- _WHAT IS BEING ASKED_
Which lines run from the one with "Berlin Tempelhof Airport, Flughafen" through the end of the data? Retype them exactly, without pictures.

- _INFORMATION PROVIDED_
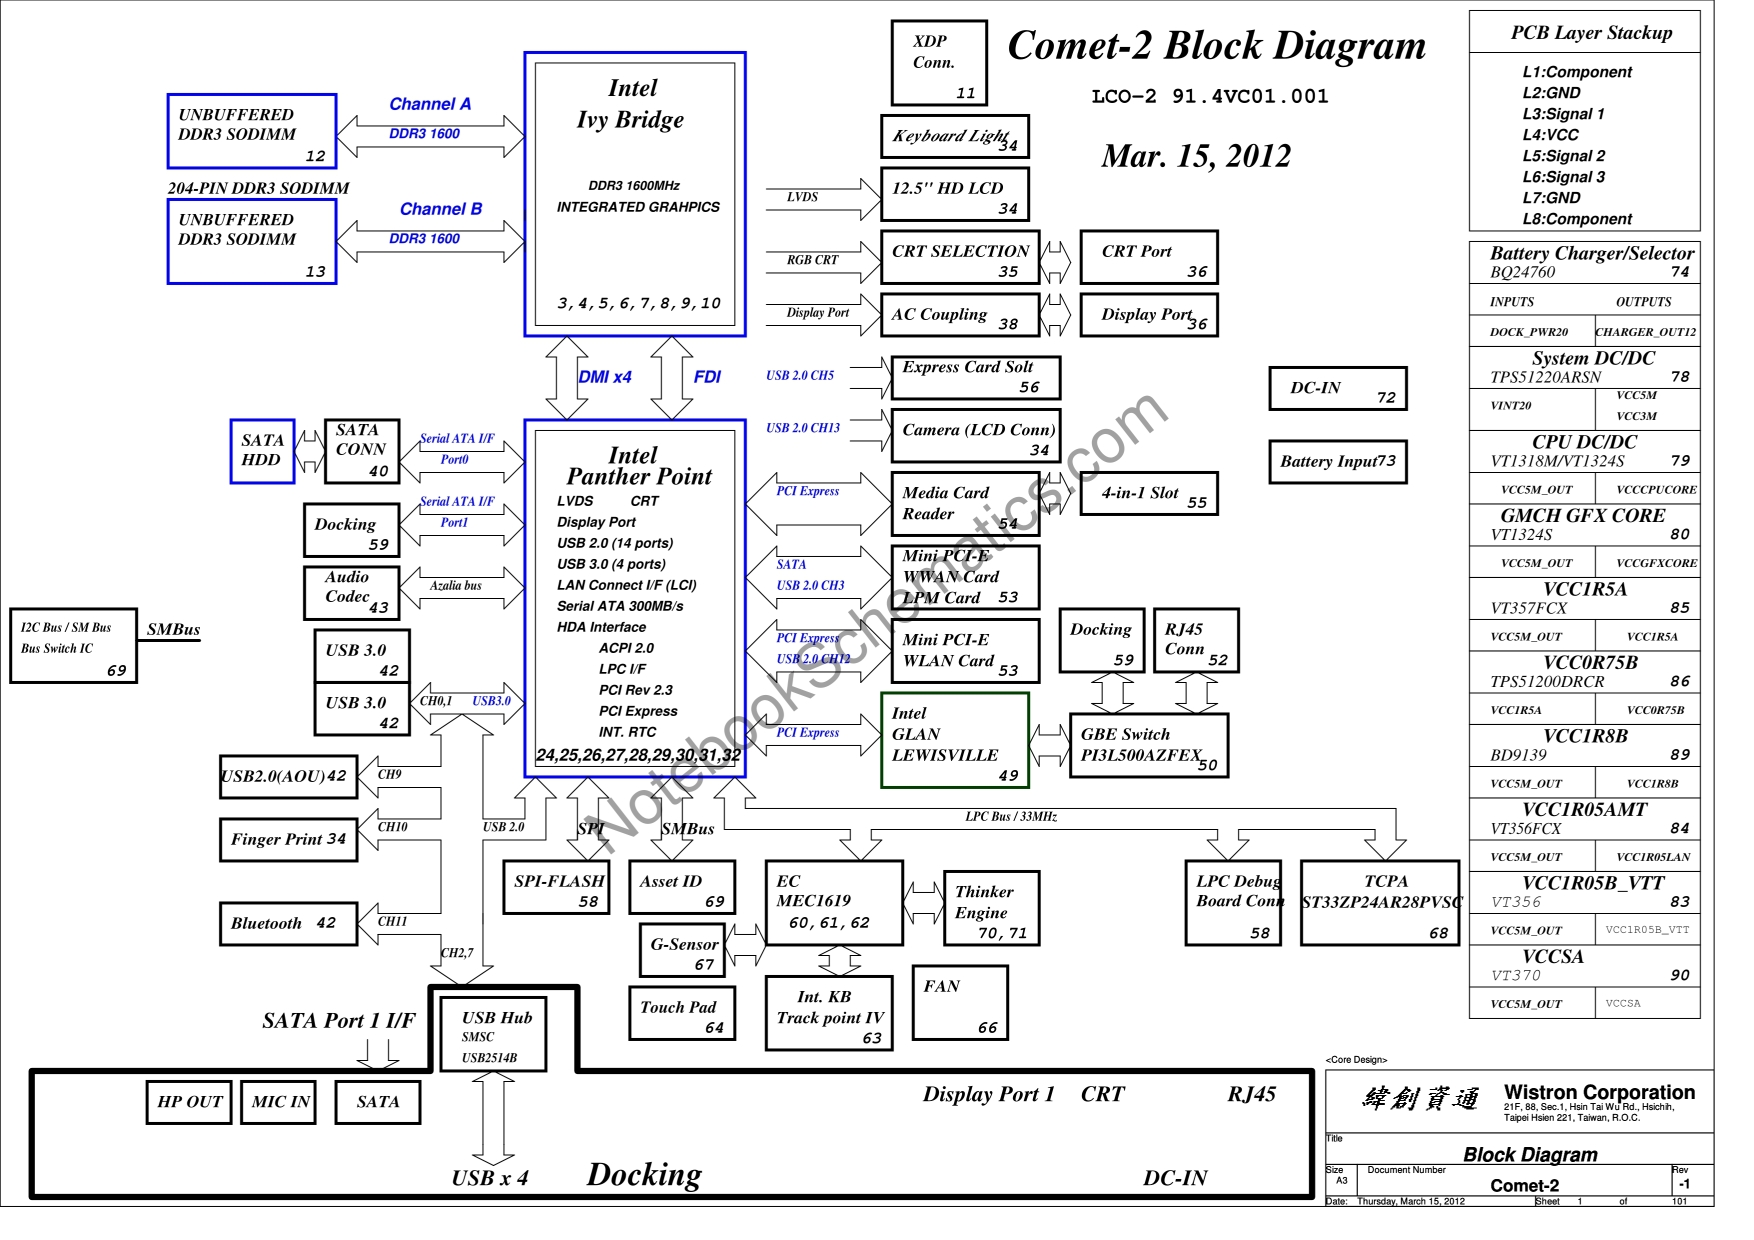 lenovo thinkpad x230t schematic  u2013 wistron comet-2 schematic
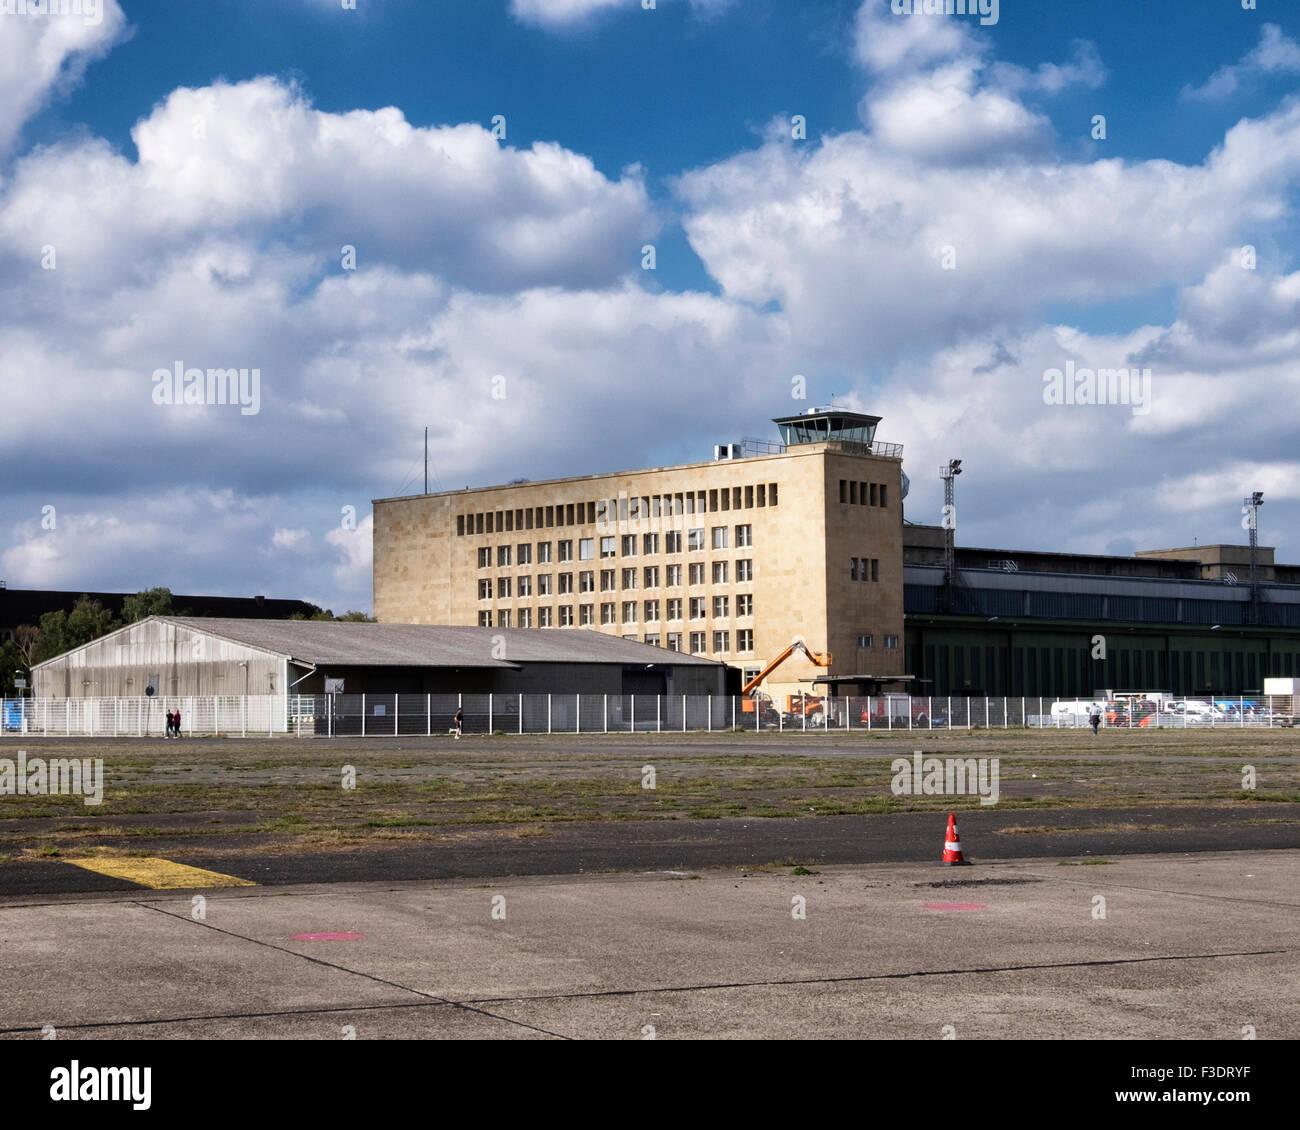 Berlin Tempelhof Airport, Flughafen Berlin-Tempelhof THF, obsolete former airport buildings and runway - Stock Image
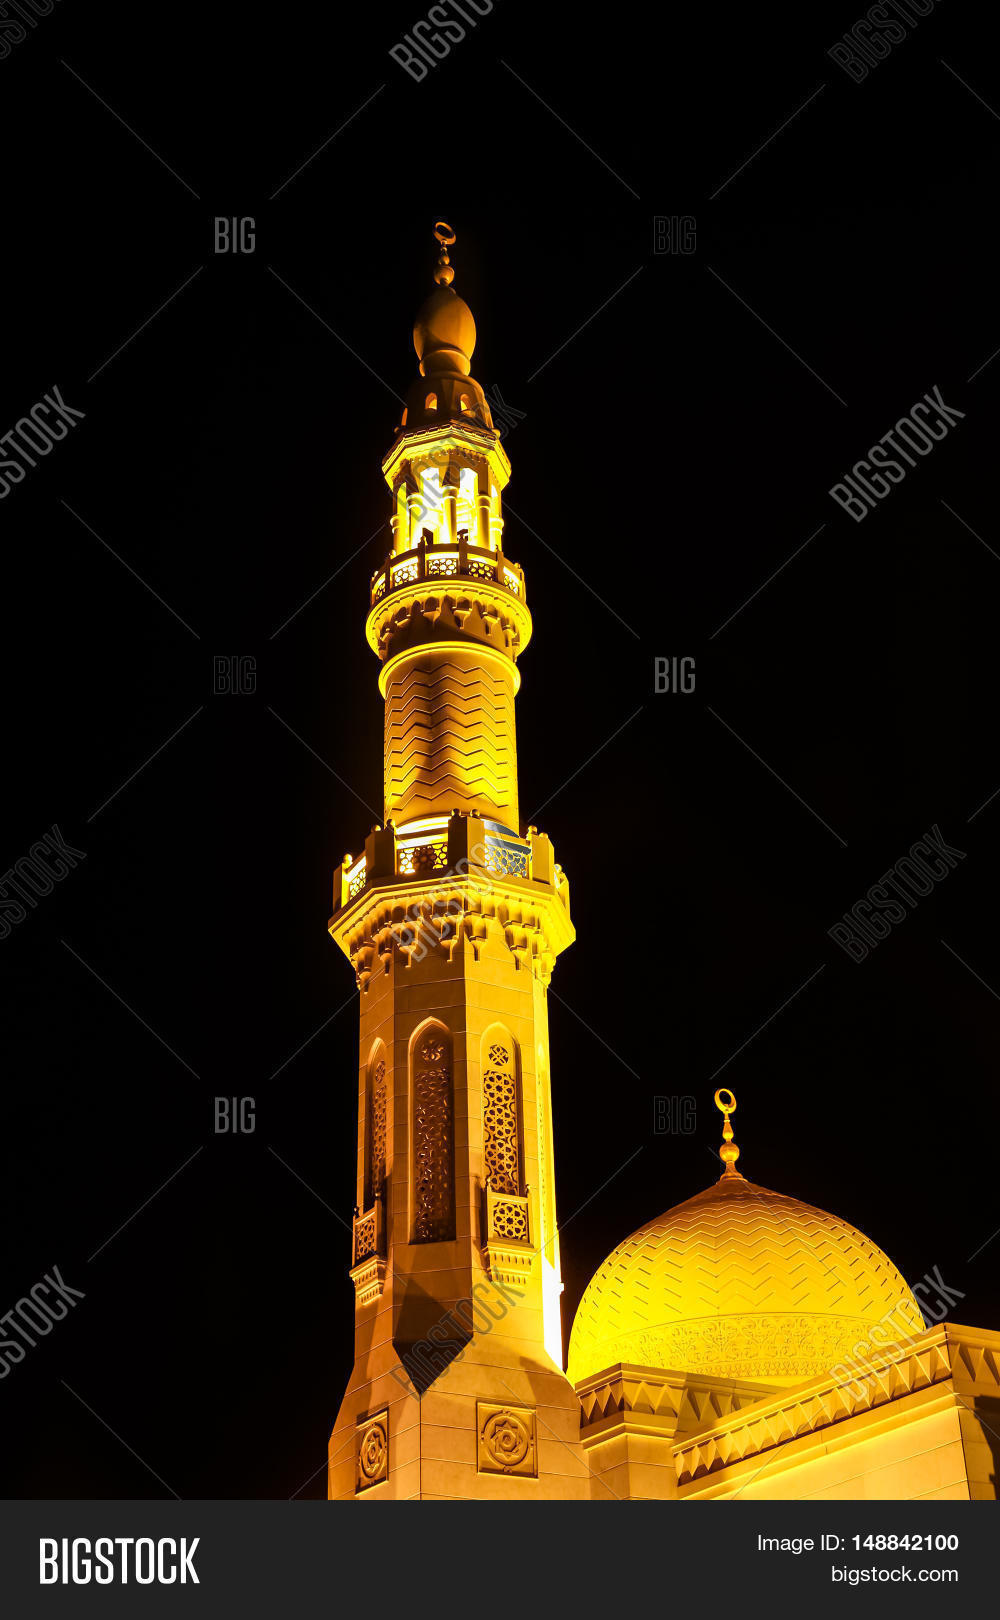 Minaret jumeirah mosque illuminated image photo bigstock the minaret of jumeirah mosque illuminated at night in jumeirah beach dubai uae biocorpaavc

- _TASK RESULT_
 Berlin Tempelhof Airport, Flughafen Berlin-Tempelhof THF, obsolete former airport buildings and runway - Stock Image
 Minaret jumeirah mosque illuminated image photo bigstock the minaret of jumeirah mosque illuminated at night in jumeirah beach dubai uae biocorpaavc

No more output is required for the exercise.